Conference: ACL 2025
arXiv: 2505.22137
Code: Limited-Generalizability
Area: Other
Keywords: argument mining, generalization, shortcut learning, cross-dataset evaluation, BERT transformers

TL;DR

This paper presents the first large-scale cross-dataset generalization evaluation of four Transformer models across 17 English sentence-level argument mining datasets. The findings reveal that state-of-the-art models primarily learn dataset-specific lexical patterns rather than the structural signals of arguments, leading to generalization performance far below their in-dataset baselines. However, task-specific pre-training and multi-dataset joint training can partially alleviate this issue.

Background & Motivation

Argument mining is a core foundational task in automatic discourse analysis, aiming to identify argumentative structures (e.g., claims and premises) from natural language. The field faces a long-standing but rarely systematically verified concern:

High baseline performance can be misleading: BERT-like models perform exceptionally well on individual benchmarks (0.67–0.96 macro F1), fostering an optimistic assumption that these models possess broad applicability.

Arguments should theoretically transfer across domains: The core of an argument lies in its logical structure (e.g., "X should Y because Z") rather than its specific content. Consequently, trained models should theoretically generalize across datasets.

Concerns over shortcut learning: BERT-based models are known to focus heavily on basic grammar, nouns, and coreference relations. They might capture dataset-specific lexical cues rather than genuine argumentative signals.

Inconsistent definitions: Different datasets employ varying definitions of "what constitutes an argument" (e.g., claim-based, evidence-based, reasoning-based), further exacerbating the difficulty of generalization.

Rather than proposing a new model or formalization, the authors adopt a data-driven approach to answer: Do existing state-of-the-art models learn "arguments" or merely "datasets"?

Method

Overall Architecture

The study is designed around three research questions: - Q1: To what extent are existing benchmark datasets comparable? - Q2: Can state-of-the-art models generalize to other datasets? - Q3: Do these models learn generalizable concepts of arguments?

These questions are addressed through three types of experiments: pairwise transfer experiments, joint training experiments, and controlled input manipulation experiments.

Key Designs

  1. Dataset Selection and Standardization

    • From 52 argument mining datasets published between 2008 and 2024, datasets were filtered based on three criteria: sentence-level annotation, binary labels (argument/non-argument), and reproducibility.
    • After two rounds of screening, 17 datasets were retained, covering approximately 345K annotated sentences.
    • A unified 60/20/20 stratified split was applied, ensuring a minimum of 850 samples per label.
    • Design Motivation: To ensure experimental scale and statistical reliability.

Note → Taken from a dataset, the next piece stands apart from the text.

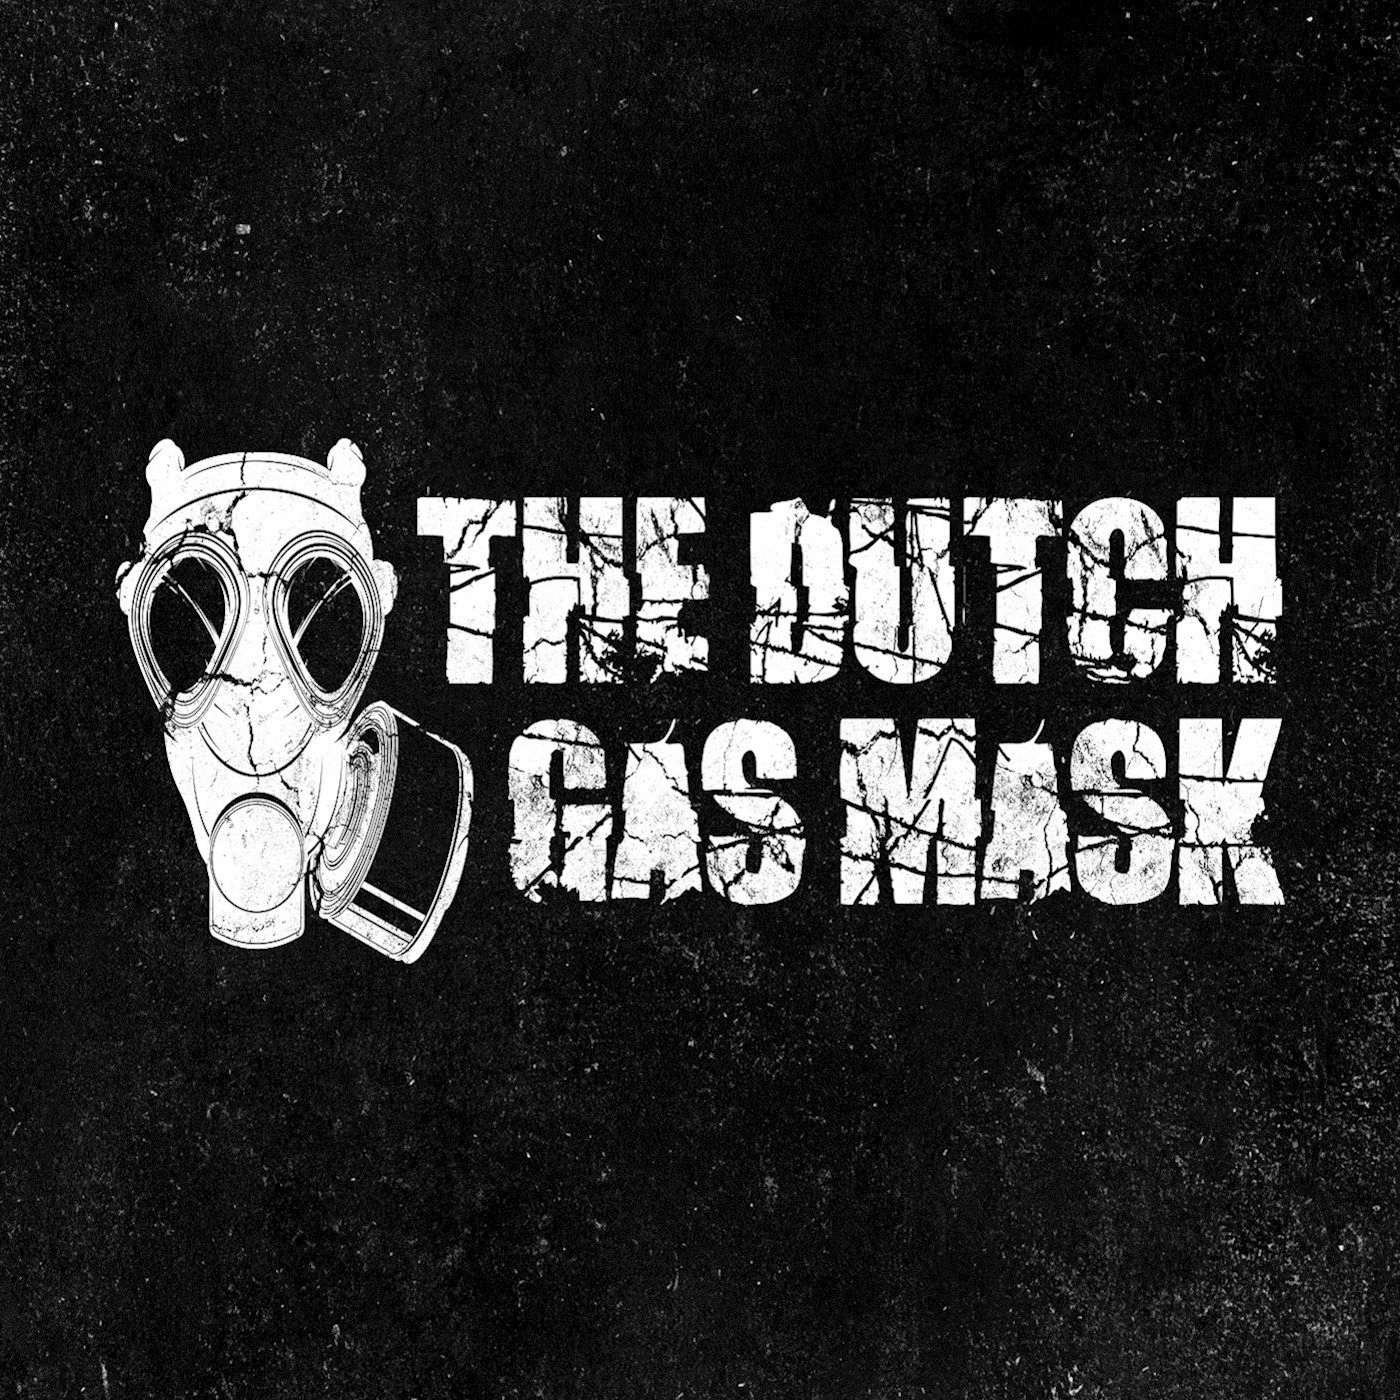 The Dutch Gas Mask
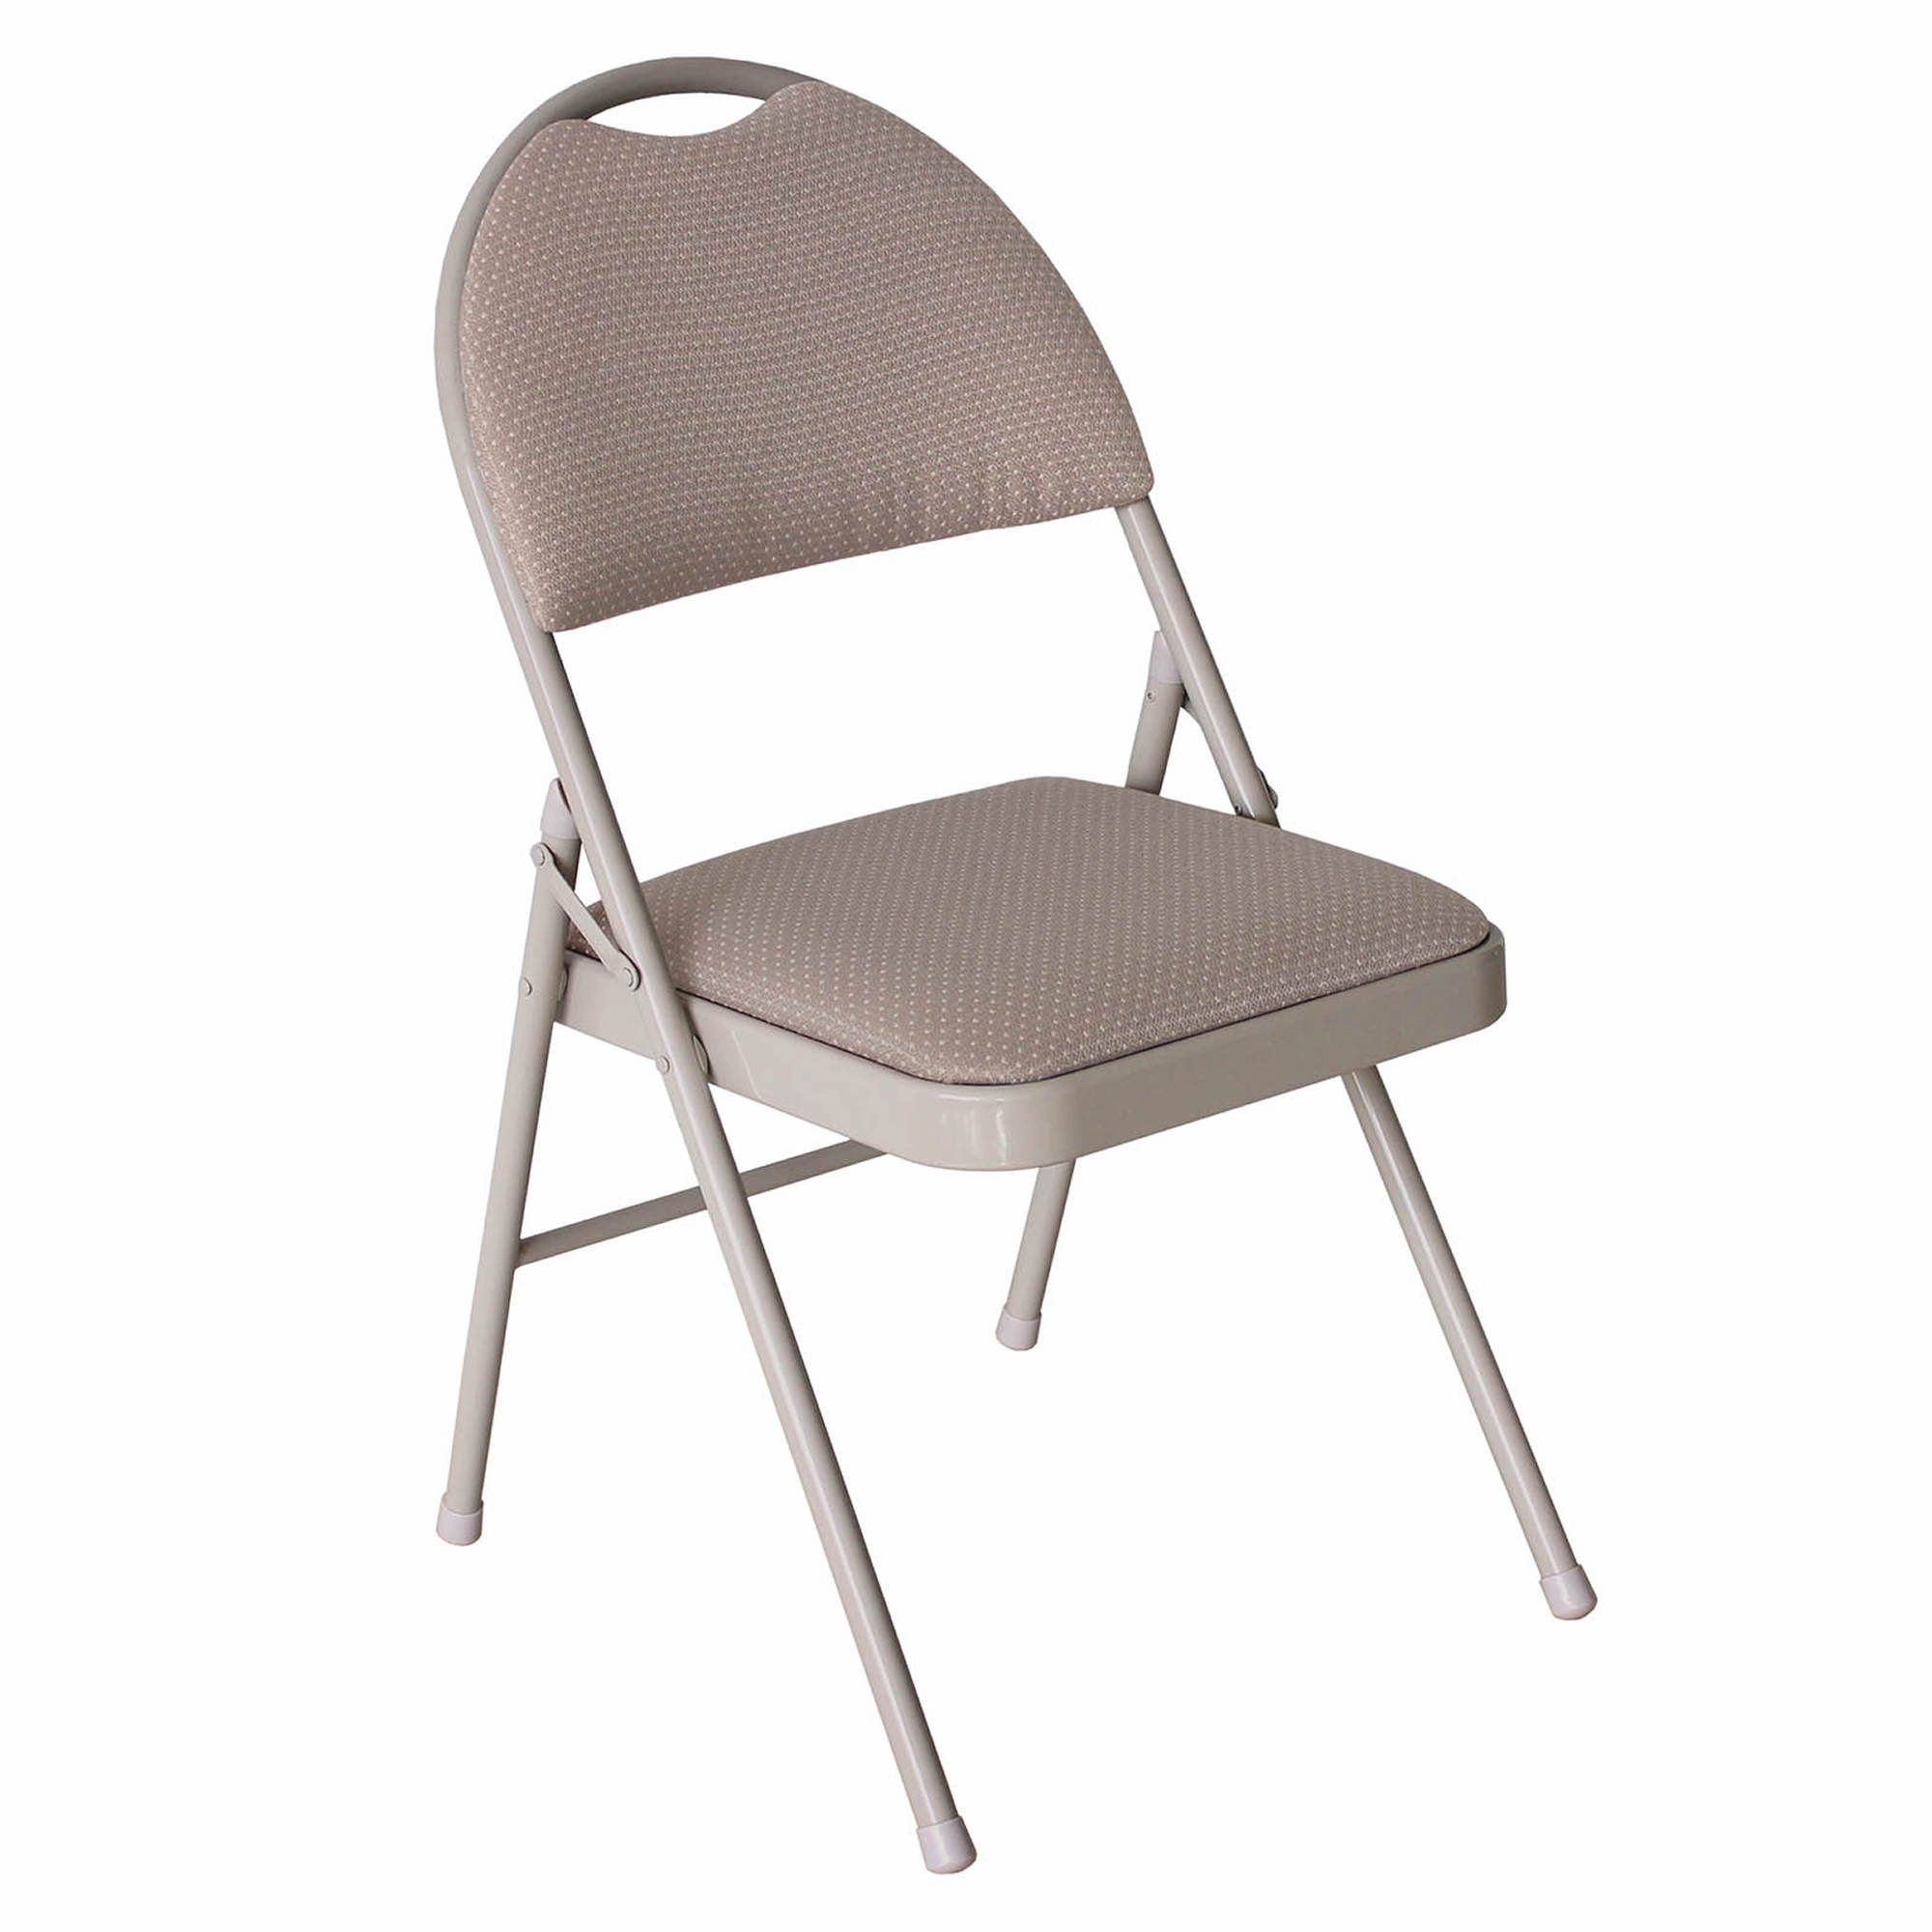 Berkley Jensen Folding Chair - Gray - BJs WholeSale Club

  2. Pairwise Transfer Experiments (Answering Q2)

    • Models are trained on one dataset and tested on all 17 datasets.
    • This generates a \(17 \times 17\) transfer matrix (one for each model).
    • The diagonal represents baseline (in-dataset) performance, while the off-diagonal represents generalization performance.
    • Design Motivation: To systematically quantify the transfer capability between each pair of datasets.

  3. Joint Training Experiments (Supplementing Q2)

    • Models are trained jointly on 16 datasets and tested on the remaining 1 dataset (Leave-One-Out).
    • Results are compared against individual baseline performances.
    • Design Motivation: To test whether heterogeneous data can improve generalization.

  4. Controlled Input Manipulation Experiments (Answering Q3)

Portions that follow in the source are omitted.